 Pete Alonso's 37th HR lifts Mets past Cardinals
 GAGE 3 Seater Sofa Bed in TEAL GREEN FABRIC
------------
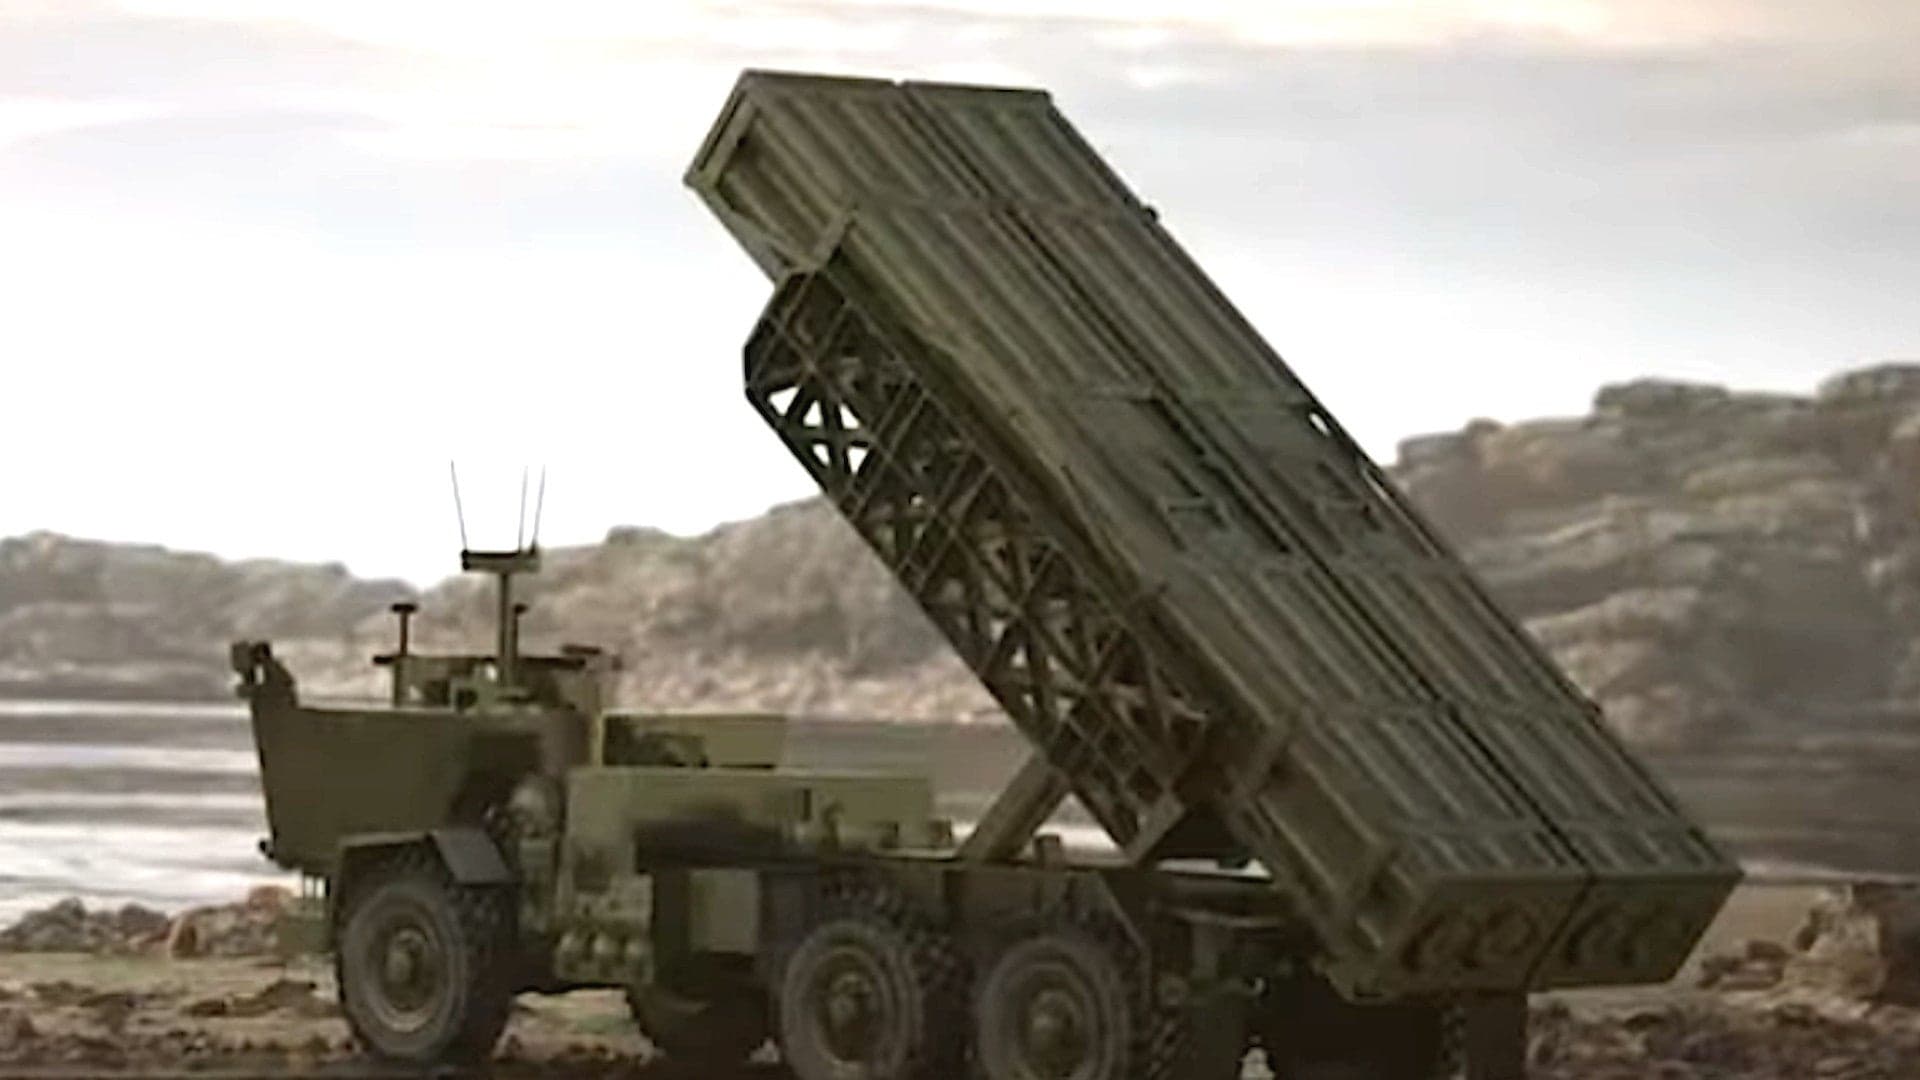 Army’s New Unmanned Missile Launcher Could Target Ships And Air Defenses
------------
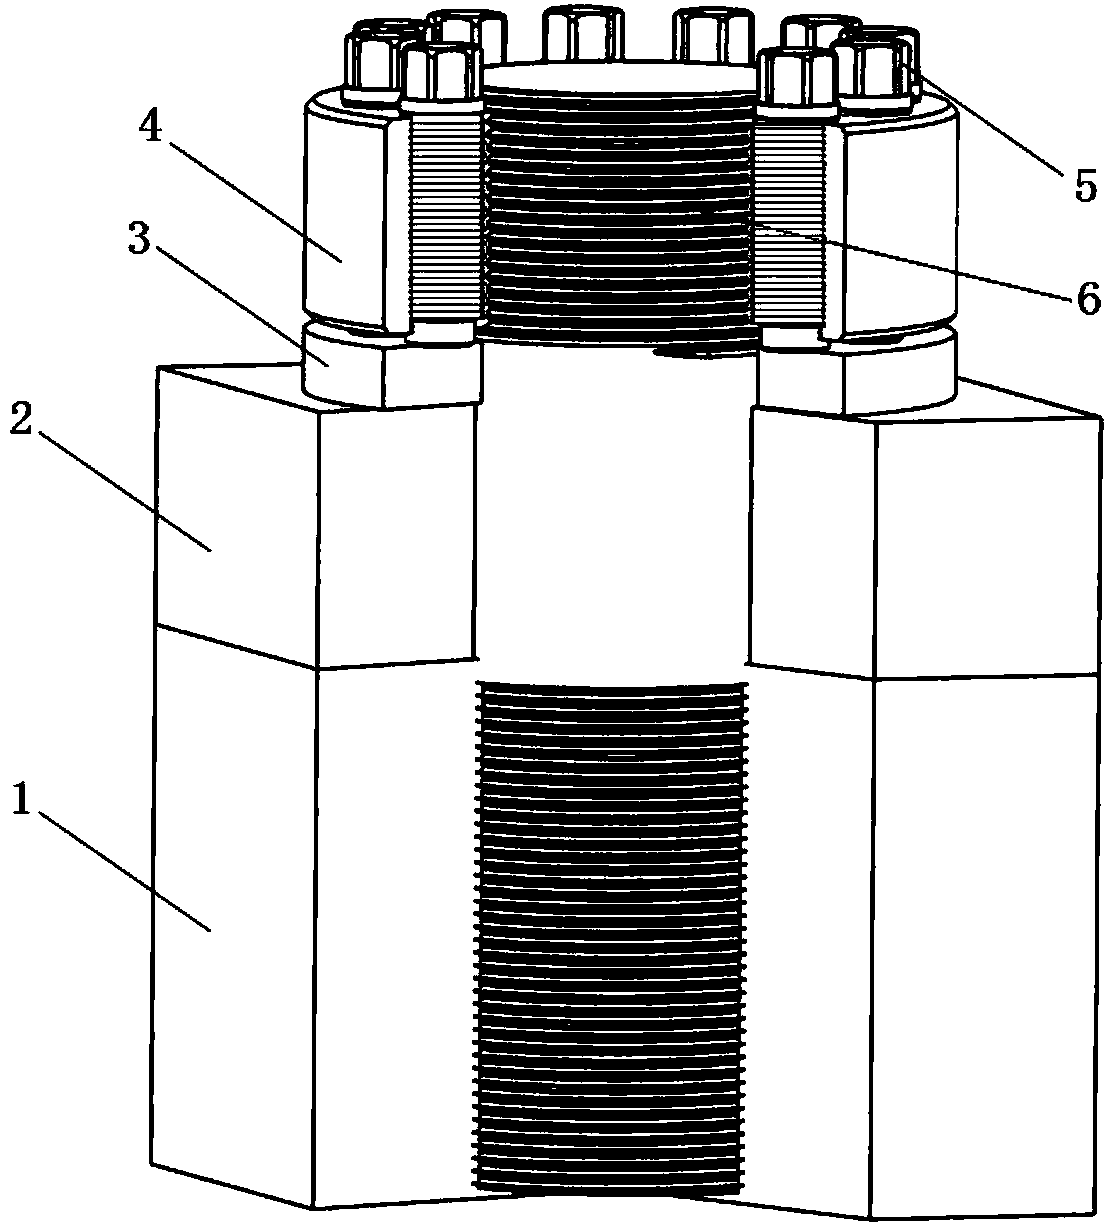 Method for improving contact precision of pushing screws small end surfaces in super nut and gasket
------------
What you need to do:
In the listing above, start at the line with "Pete Alonso's 37th", go on through the line with "GAGE 3 Seater Sofa Bed in TEAL GREEN FABRIC", and copy each of those lines exactly; leave out all the rest.

Response area:
 Pete Alonso's 37th HR lifts Mets past Cardinals
 GAGE 3 Seater Sofa Bed in TEAL GREEN FABRIC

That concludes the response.